Translate A with C at the origin (i.e. A-C), rotate CW 45°, then translate back. Repeat three more times.
If you want to find coordinates of blue lines, may be you will find helpful some information about tranformations (rotations):
http://en.wikipedia.org/wiki/Rotation_matrix
You need to rotate for example vector AC and then you can find coordinate of end point of blue line.
If I were doing this I'd use polar co-ordinates (apologies for including the link if you are already well aware what they are) as an easy way of figuring out the co-ordinates of the points on the circumference that you need. Then draw lines to there from the centre of the circle.
start with this and add a button with code:
private void btnCircleLined_Click(object sender, System.EventArgs e)
{
Graphics graph = Graphics.FromImage(DrawArea);
int x = 100, y = 100, diameter = 50;
myPen.Color = Color.Green;
myPen.Width = 10;
graph.DrawEllipse(myPen, x, y, diameter, diameter);
myPen.Color = Color.Red;
double radian = 45 * Math.PI / 180;
int xOffSet = (int)(Math.Cos(radian) * diameter / 2);
int yOffSet = (int)(Math.Sin(radian) * diameter / 2);
graph.DrawLine(myPen, x, y + yOffSet + myPen.Width + diameter / 2, x + xOffSet + myPen.Width + diameter / 2, y);
graph.DrawLine(myPen, x, y, x + xOffSet + myPen.Width + diameter / 2, y + yOffSet + myPen.Width + diameter / 2);
graph.Dispose();
this.Invalidate();
}
edit: could not see your picture so I misinterpeted your question, but this should get you started.
There are a few ways to solve this problem, one of which is to find the angle of the line and then add 45 degrees to this a few times.
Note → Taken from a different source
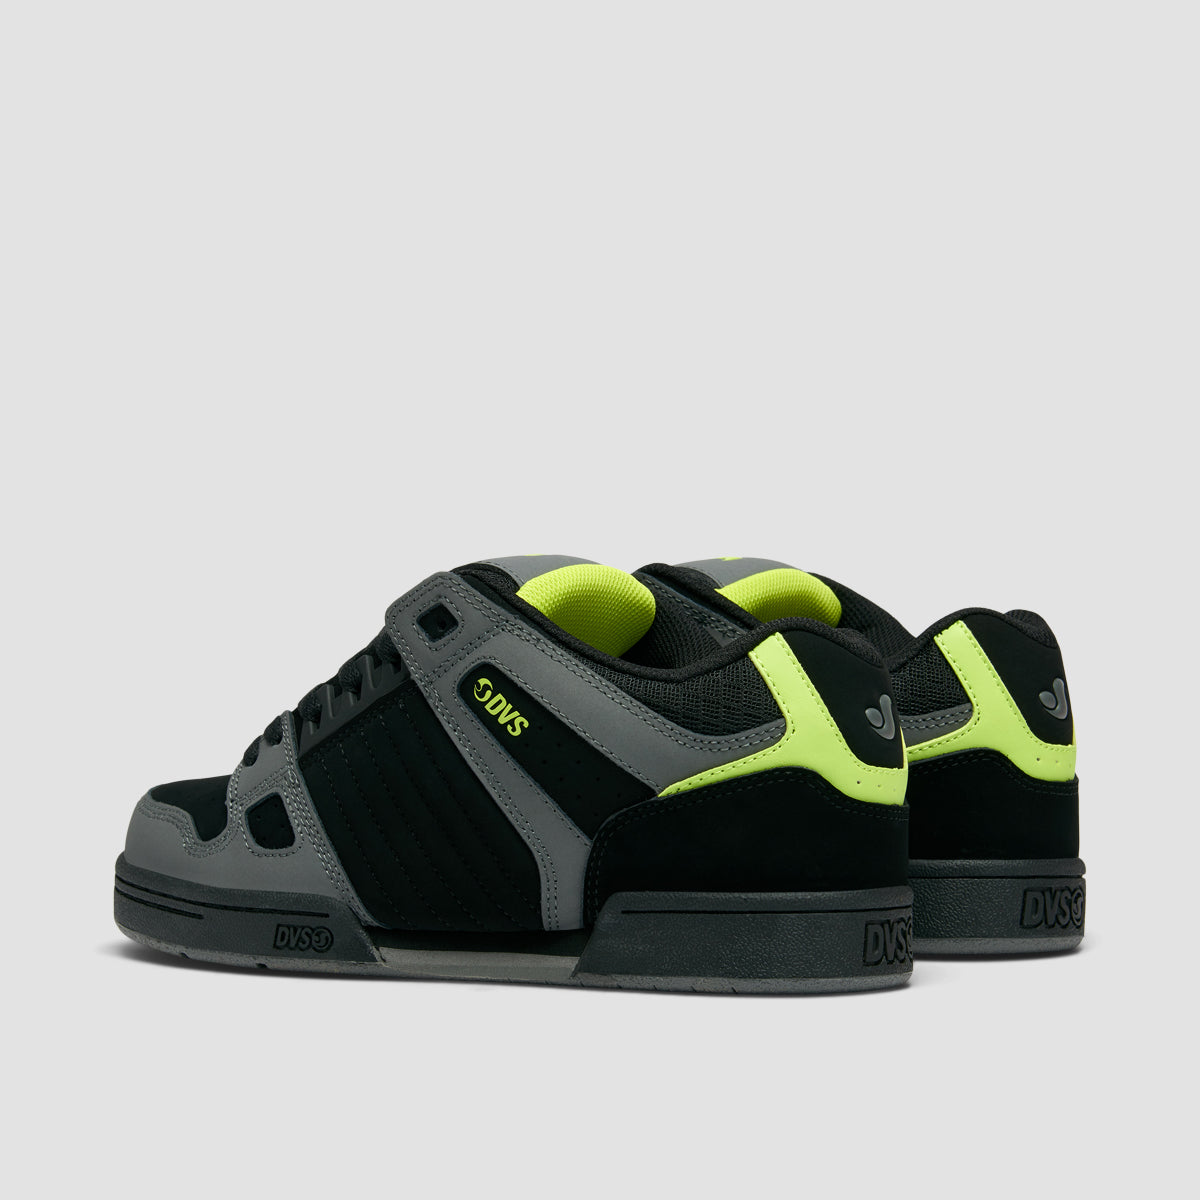 DVS Celsius Shoes - Black/Charcoal/Lime Nubuck

Here's an example, it's in Python, but translating the math should be easy (and I've tried to write the Python in a simplistic way).
Here's the output for a few lines:
The main function is calc_points, the rest is just to give it A and B that intersect the circle, and make the plots.
from math import atan2, sin, cos, sqrt, pi
from matplotlib import pyplot
def calc_points(A, B, C):
dx = C[0]-A[0]
dy = C[1]-A[1]
line_angle = atan2(dy, dx)
radius = sqrt(dy*dy + dx*dx)
new_points = []
# now go around the circle and find the points
for i in range(3):
angle = line_angle + (i+1)*45*(pi/180) # new angle in radians
x = radius*cos(angle) + C[0]
y = radius*sin(angle) + C[1]
new_points.append([x, y])
return new_points
# test this with some reasonable values
pyplot.figure()
for i, a in enumerate((-20, 20, 190)):
radius = 5
C = [2, 2]
# find an A and B on the circle and plot them
angle = a*(pi/180)
A = [radius*cos(pi+angle)+C[0], radius*sin(pi+angle)+C[1]]
B = [radius*cos(angle)+C[0], radius*sin(angle)+C[1]]
pyplot.subplot(1,3,i+1)
pyplot.plot([A[0], C[0]], [A[1], C[1]], 'r')
pyplot.plot([B[0], C[0]], [B[1], C[1]], 'r')
# now run these through the calc_points function and the new lines
new_points = calc_points(A, B, C)
for np in new_points:
pyplot.plot([np[0], C[0]], [np[1], C[1]], 'b')
pyplot.xlim(-8, 8)
pyplot.ylim(-8, 8)
for x, X in (("A", A), ("B", B), ("C", C)):
pyplot.text(X[0], X[1], x)
pyplot.show()